Basic Trig Question (1 Viewer)

[GaDaMIt]

Solve for 0 =< x =< 360

root 3 sin x + cos x = 0


show working or explain how you did it or something please

 

[Elvin]

don't use t formula.

 

[webby234]

You don't need t, you've missed the simple solution!

rt3 sinx = -cosx

-1/rt3 = sinx/cosx

tanx = -1/rt3

x = 150, 330

 

[housemouse]

T results are for 3 unit

 

[Elvin]

hence the don't use t formula.

 

[GaDaMIt]

ok thanks for that.. just one more..

Solve each of these homogeneous equations for 0 =< x =< 360 by dividing both sides by a suitable power of cos x. Give solutions to the nearest minute where necessary.

sin^3x + 2 sin^2x cosx + sinx cos^2x = 0

answers say 0, 180, 360, 135, 315.. im only getting those last two.. 135, 315?

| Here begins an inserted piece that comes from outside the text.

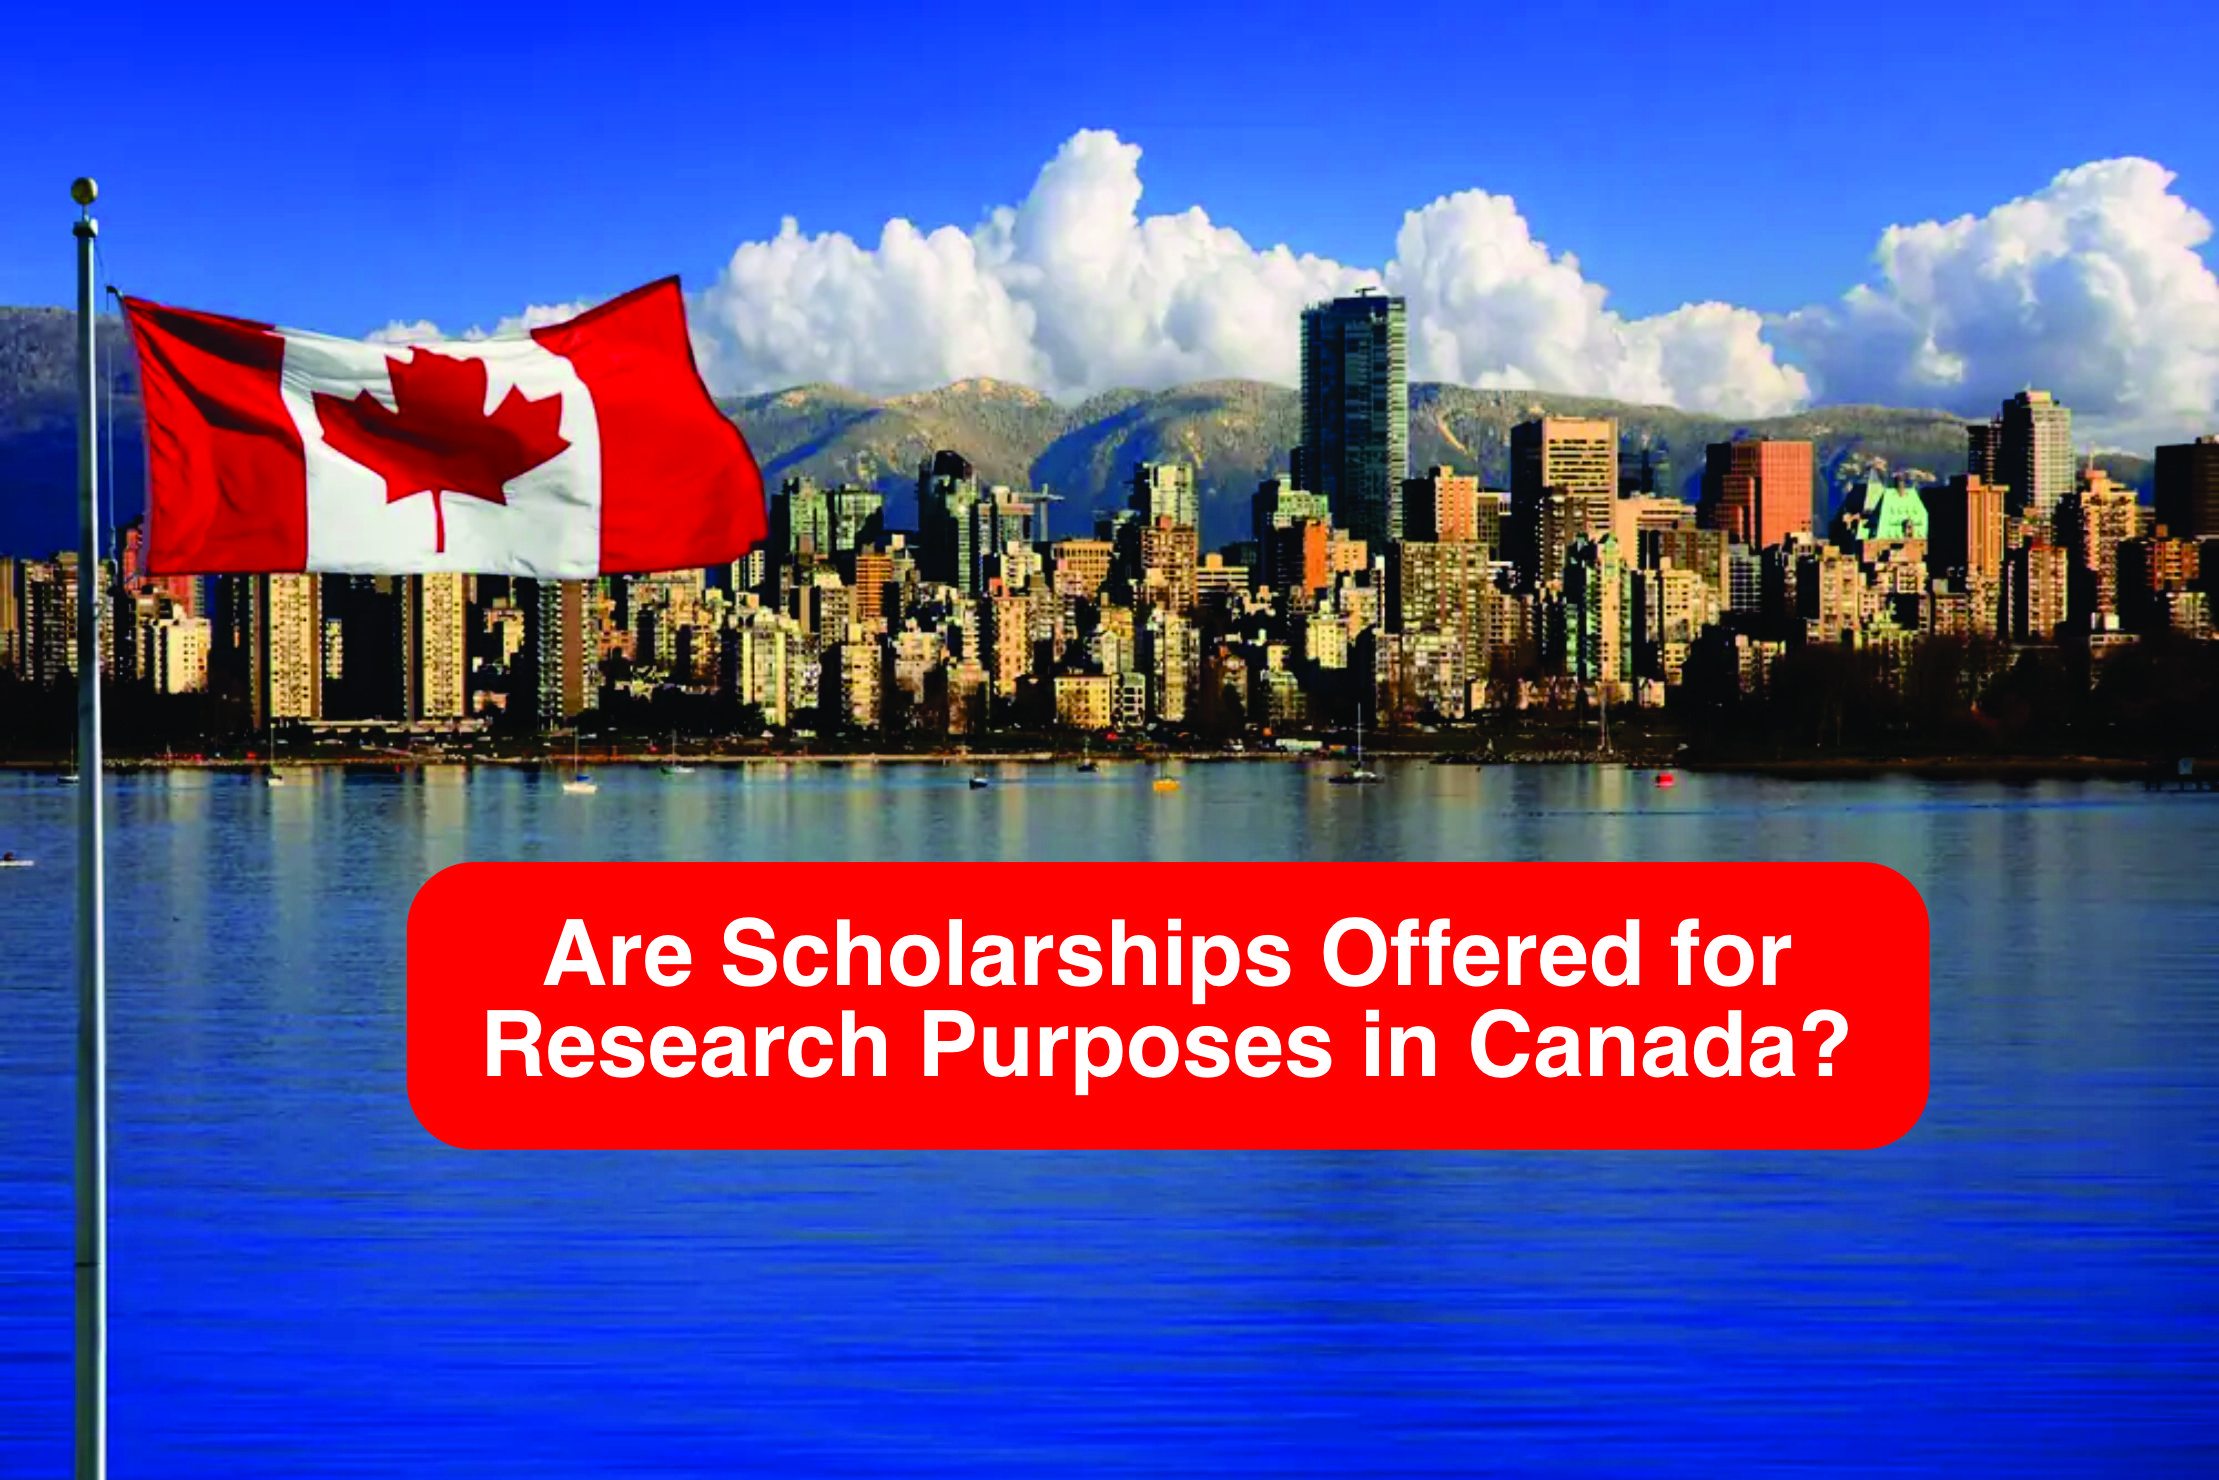 Are Scholarships Offered for Research Purposes in Canada?

i get up to (tanx + 1)^2 = 0..

 

[Trev]

Taking out a factor of sinx and dividing by cos²x you should get:
sinx(tan²x+2tanx+1)=0
sinx(tan²x+1)²=0
The sinx will give you the other required solutions.

 

[webby234]

sin^3x + 2 sin^2x cosx + sinx cos^2x = 0

tan³x + 2tan²x + tanx = 0
tanx(tan²x + 2 tanx + 1) = 0
tanx(tanx + 1)² = 0

I think your problem comes here - you are neglecting the possibility that tan x = 0. The solutions are

tanx = -1 OR tanx = 0
So you get 135, 315 for the first one and 0, 180, 360 for the second one.

 

[webby234]

Haha three posts in a minute all giving slightly differnet solutions. airie, that is not the problem, as cos x is only zero at 90, 270 which are not solutions in this case. If cosx is zero, then sinx will still not be zero, so the equation is not satisfied.

 

[Riviet]

Webby's got it right.

 

[GaDaMIt]

Taking out a factor of sinx and dividing by cos²x you should get:
sinx(tan²x+2tanx+1)=0
sinx(tan²x+1)²=0
The sinx will give you the other required solutions.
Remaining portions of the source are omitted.